Это больно. Он чувствует себя девственником: такой же тугой, как будто его впервые берут в зад. Дилдо поначалу скользит между ягодицами, минуя дырку. Микки еще шире раздвигает ноги и бесится от собственного бессилия настолько, что готов уже швырнуть эту поебень об стену, но, наконец, как-то ловко надавливает, и головка протискивается внутрь. Она не просто большая: она огромная, она гигантская - это просто какая-то гребаная дубина. Микки морщится от боли и с трудом удерживается от того, чтобы тут же не выдернуть ее обратно. Ему кажется, что дилдо распирает почти до горла, а он еще и на четверть не вставил себе; член опадает окончательно и вяло лежит на лобке, Микки задевает его, когда пытается выебать себя.

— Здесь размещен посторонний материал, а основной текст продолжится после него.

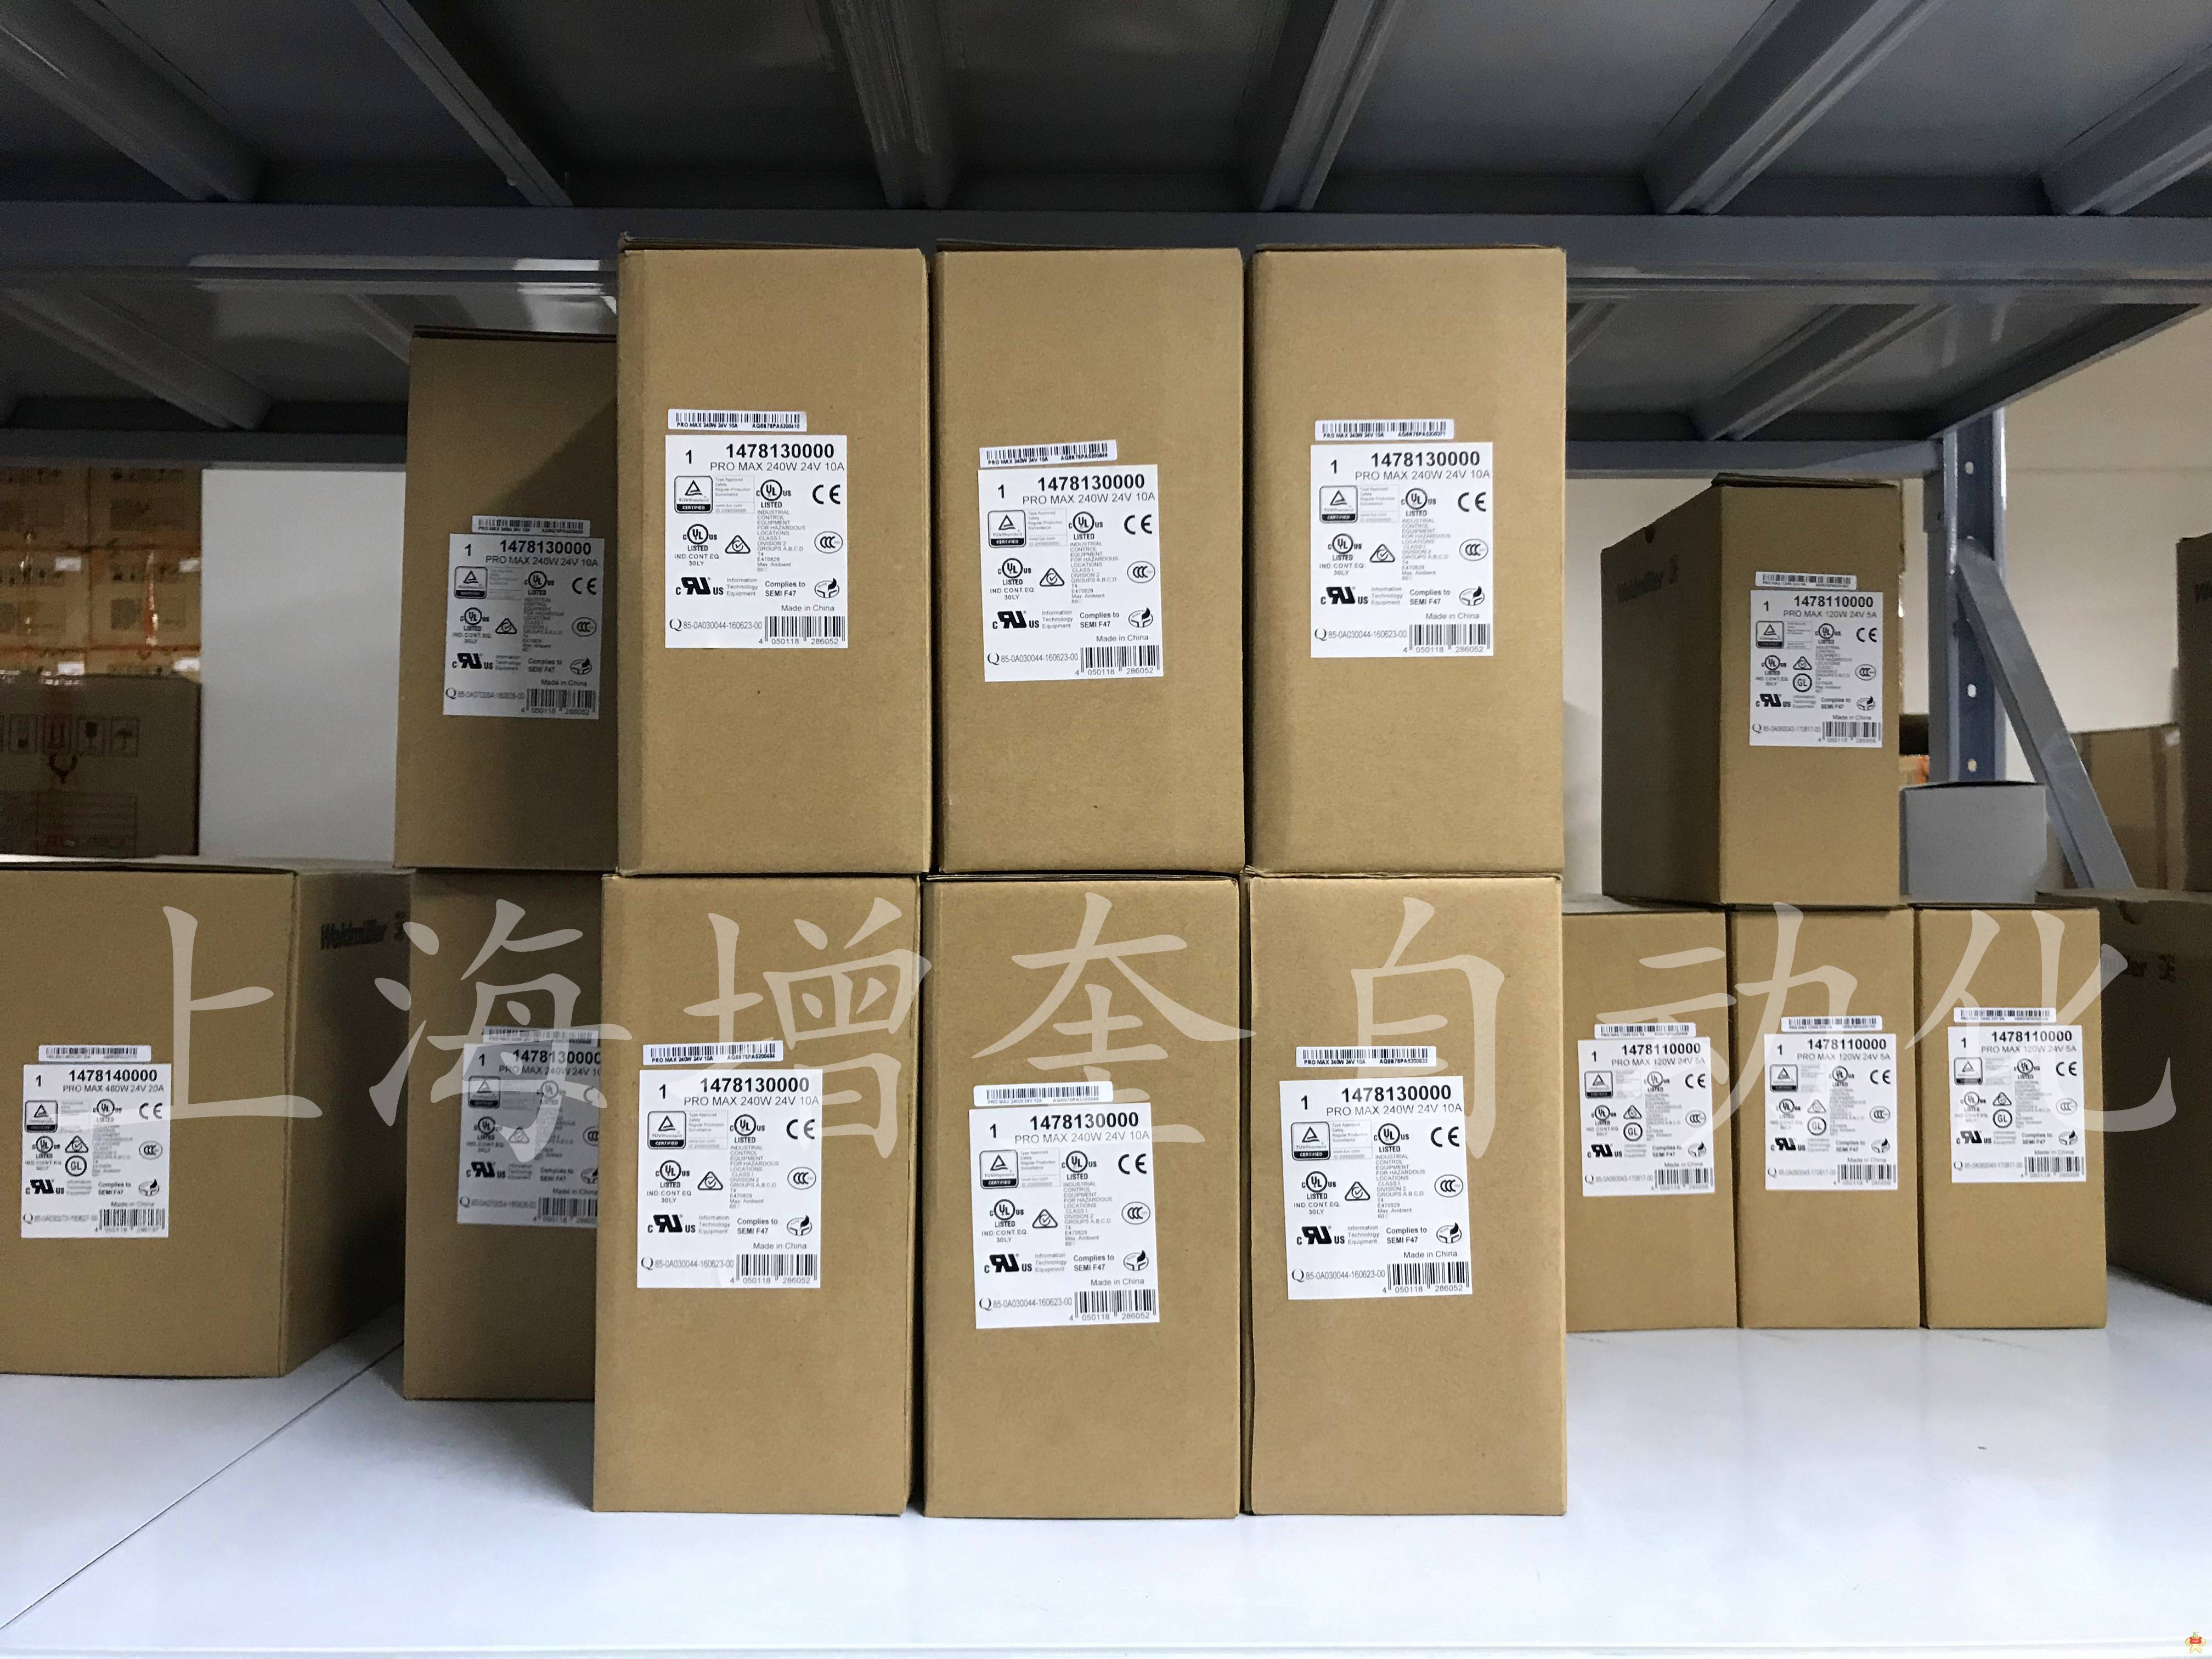 菲尼克斯UPS电源系列QUINT-UPS/ 24DC/ 24DC/20 - 2320238上海现货 菲尼克斯,UPS电源,QUINT-UPS/ 24DC,2320238

Оставив хер торчать в заднице, он неловко переваливается на бок, а потом встает на карачки. Сцепив зубы, он принимается раскачивать искусственный член, пытаясь ввернуть его поглубже.

Ему удается протолкнуть дилдо лишь наполовину, когда у него уже буквально глаза лезут на лоб от усердия, жесткого давления и боли в анусе, а дыра внутри грудной клетки так ничем и не заполняется. Она становится только больше, и, когда Микки с воплем впихивает член в себя еще на несколько сантиметров, и когда он с раздражением выдирает его из задницы и падает боком на кровать, тяжело дыша и смаргивая непрошенные слезы. Резиновыми хуями, пальцами, бесполезной дрочкой ЭТУ дыру в себе не заполнишь.

***

Проходит несколько дней, Микки продолжает заливать себя алкоголем до краев, однако это мало помогает. В какие-то моменты он просто вырубается, переставая ощущать что-либо вообще, но облегчения это приносит мало. Остальное время где-то в его голове мерзкий голосок продолжает нашептывать, напоминая о Йене. О том, как он смеется, хмурится, дотрагивается до него, Микки - целует, кусает, тянет за волосы, обнимает за плечи, ставит подножки и падает вместе с ним на кровать, вставляет ему и трахает в идеальном ритме. О том, как звучит дыхание Йена, какие на вкус его пальцы, как пахнут волосы за левым ухом, какие у него острые коленки и сколько веснушек между лопатками.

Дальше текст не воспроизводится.